_DATASET CONTENT_.
########################################

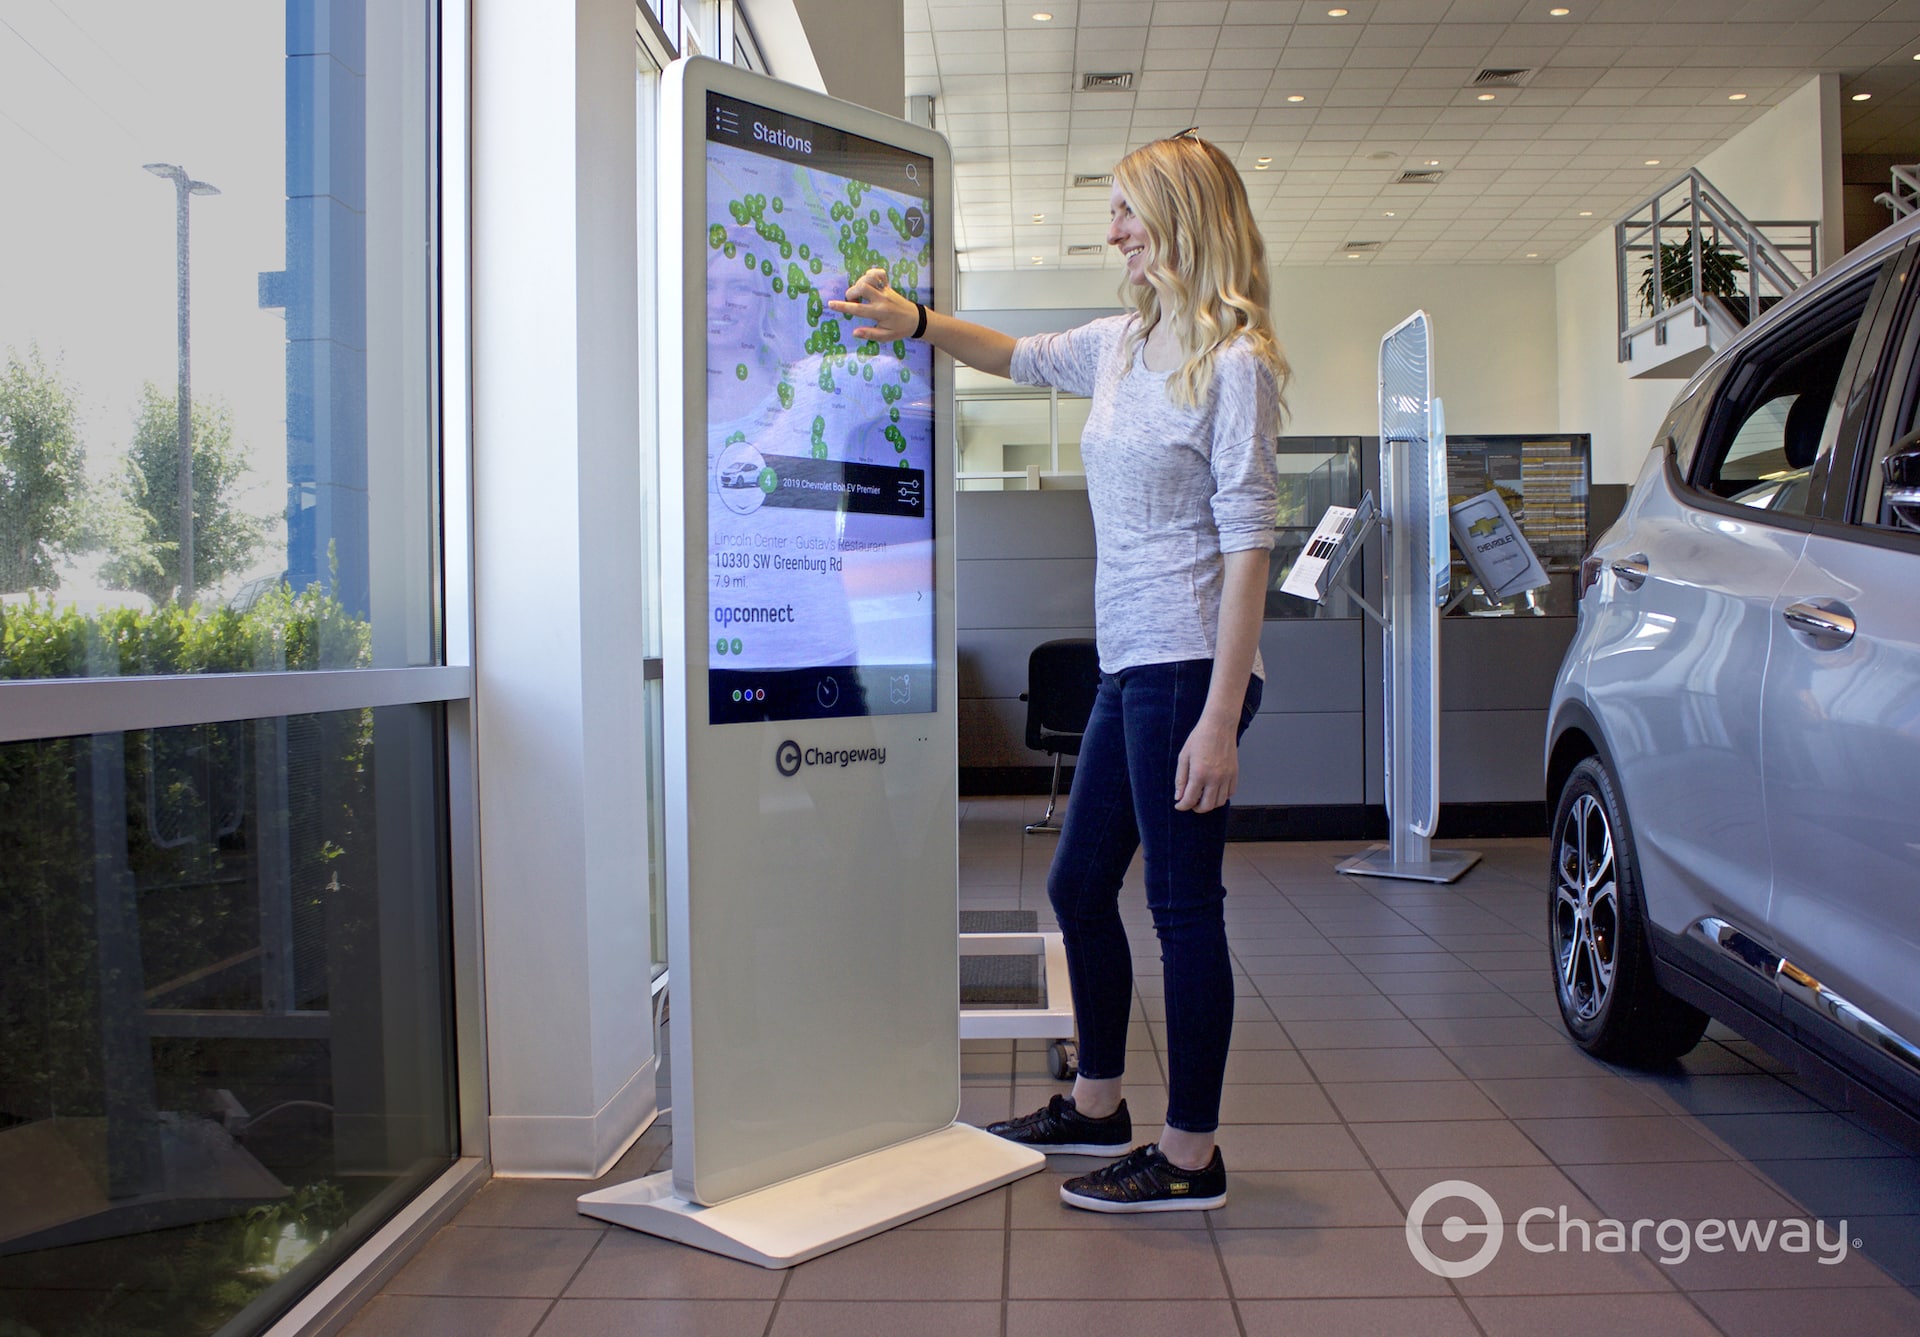 Chargeway Teams Up with NYPA to Simplify EV Charging for New Yorkers
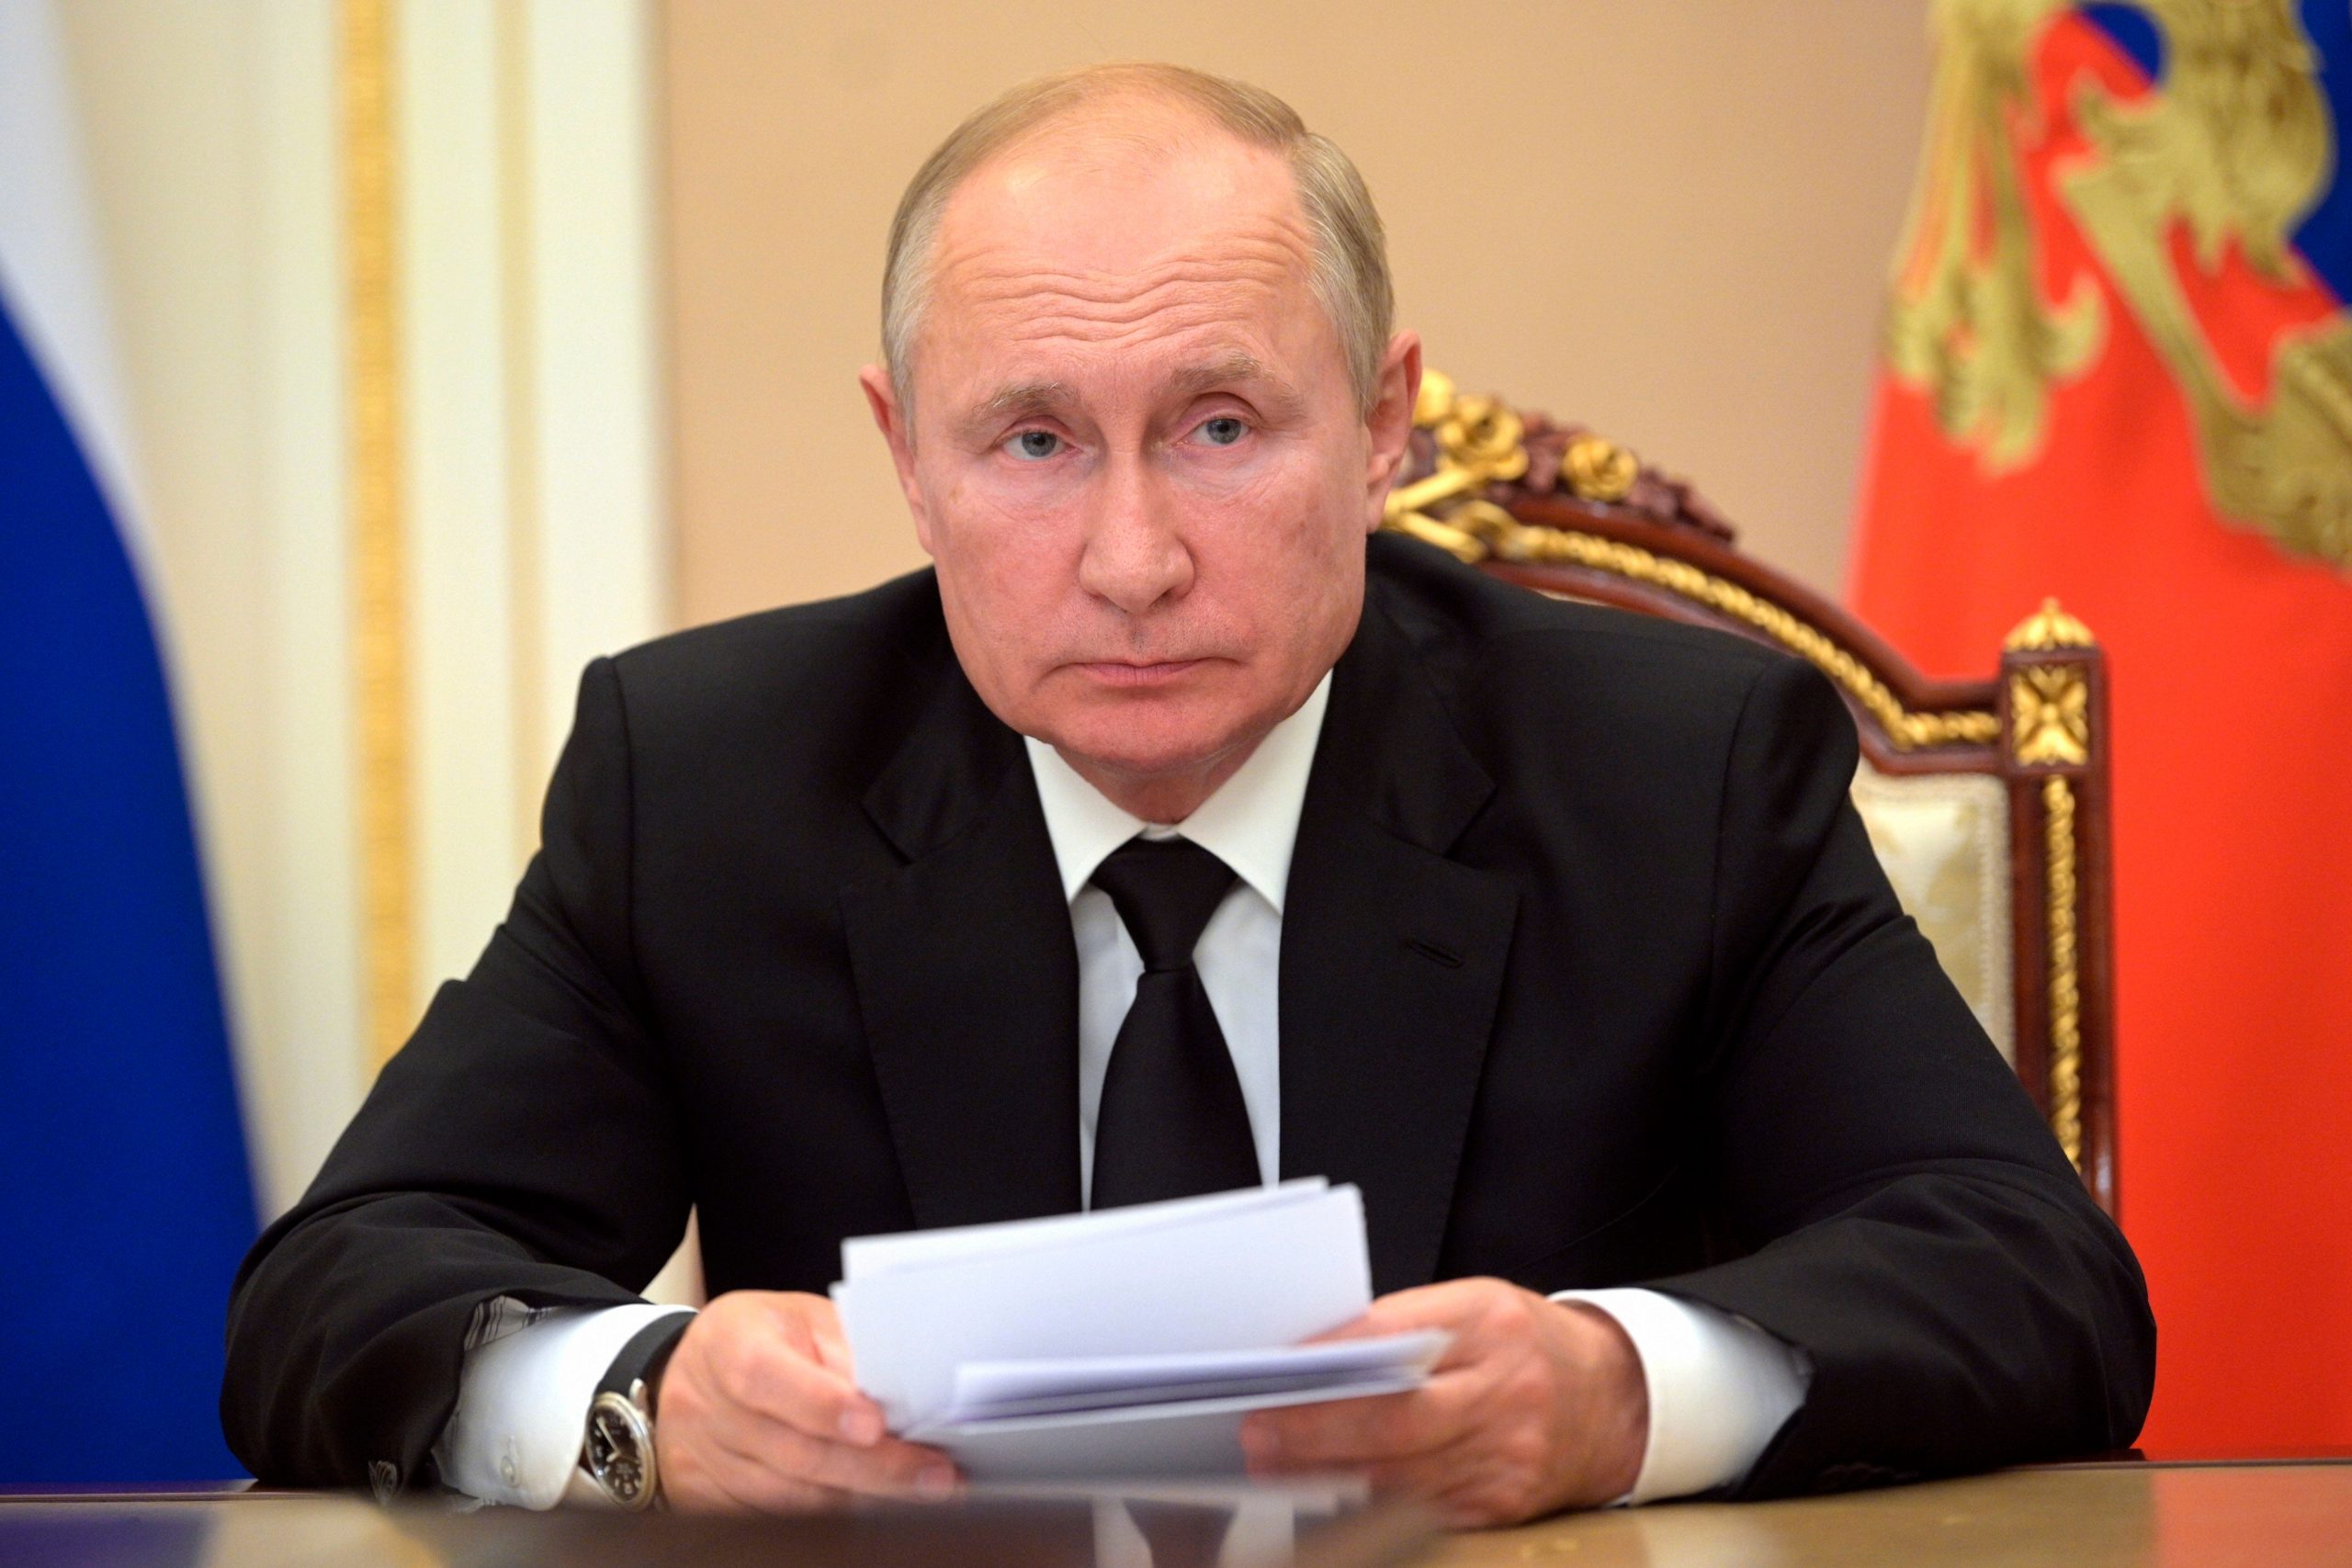 Vladimir Putin to self-isolate as inner circle members contract COVID-19
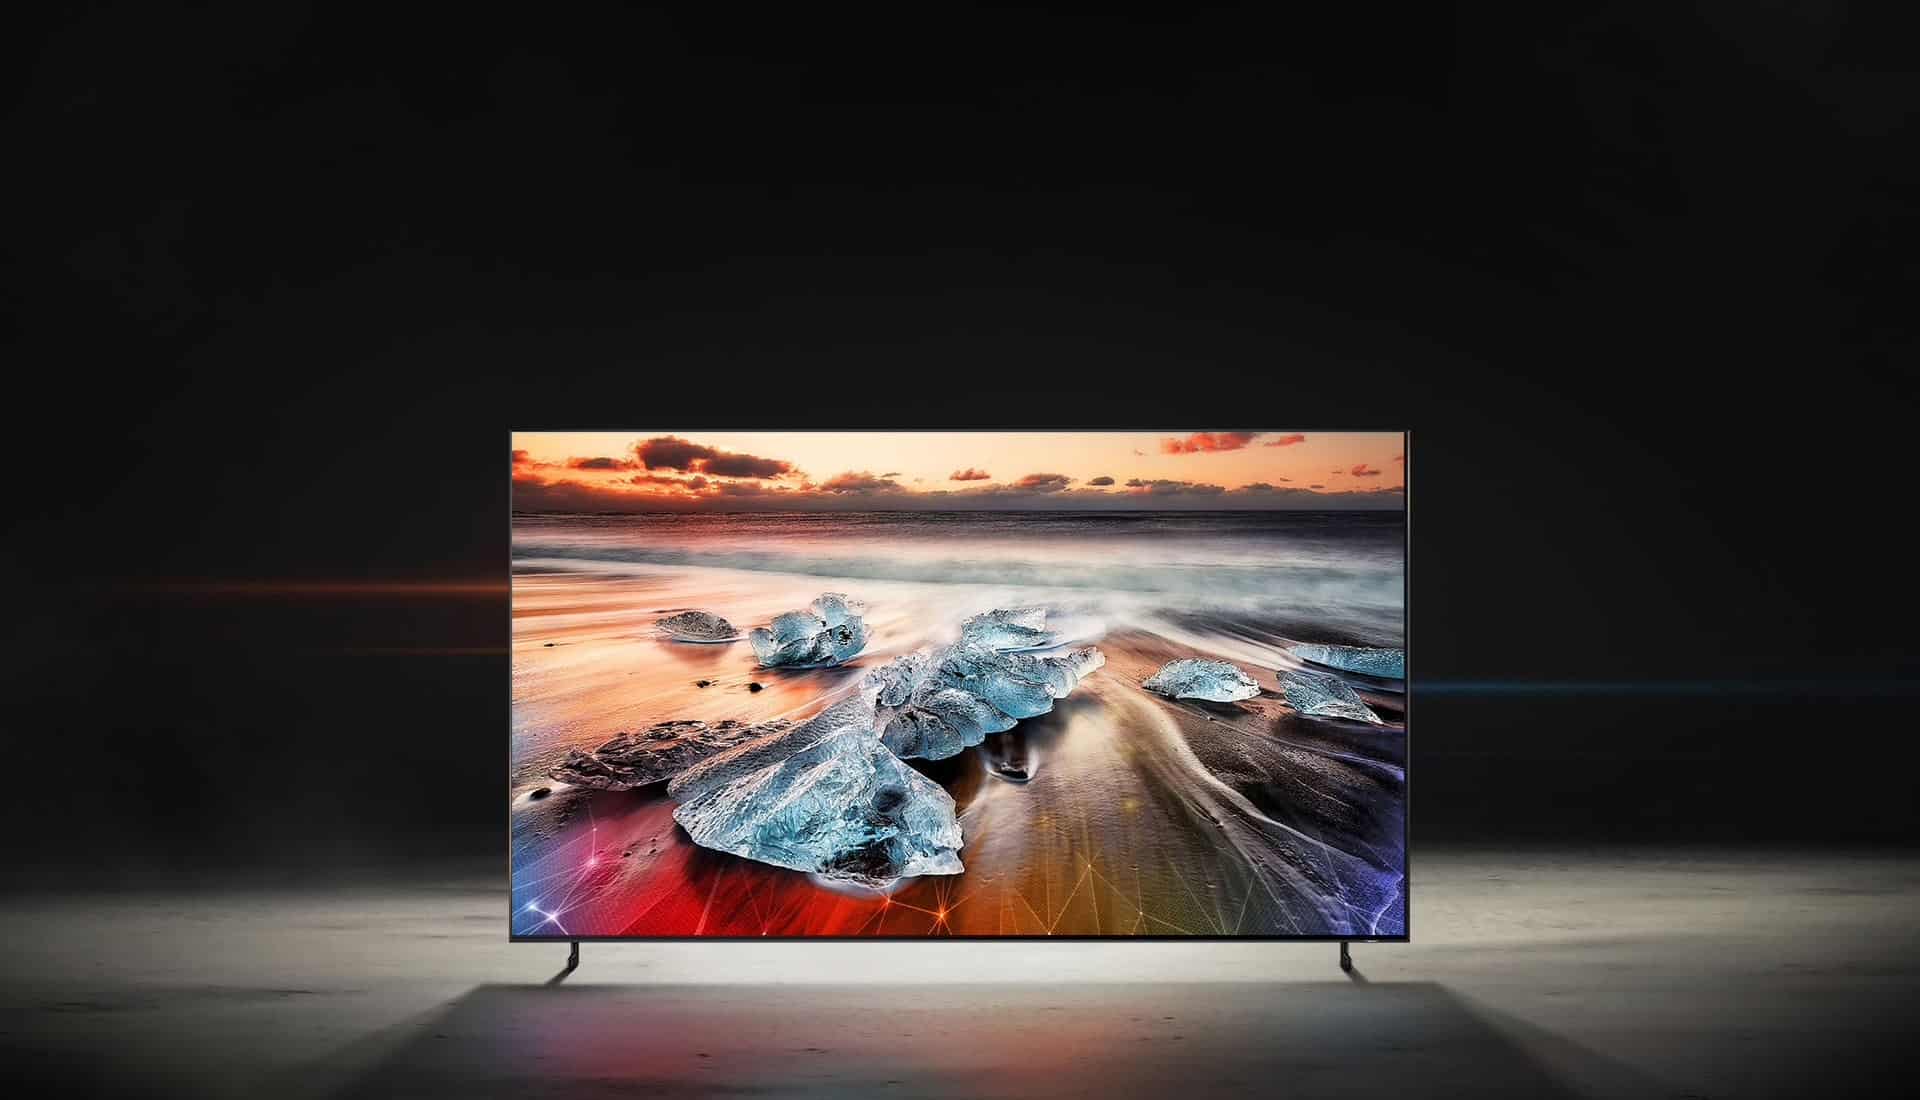 The Best 4 Flatscreen Televisions Worth Purchasing This Year

########################################

_TASK TO CARRY OUT_.
Your answer should be the lines above from the one that contains "Vladimir Putin to" through the last, set down exactly, with the pictures removed.

_SOLUTION TO THIS TASK_.
 Vladimir Putin to self-isolate as inner circle members contract COVID-19
 The Best 4 Flatscreen Televisions Worth Purchasing This Year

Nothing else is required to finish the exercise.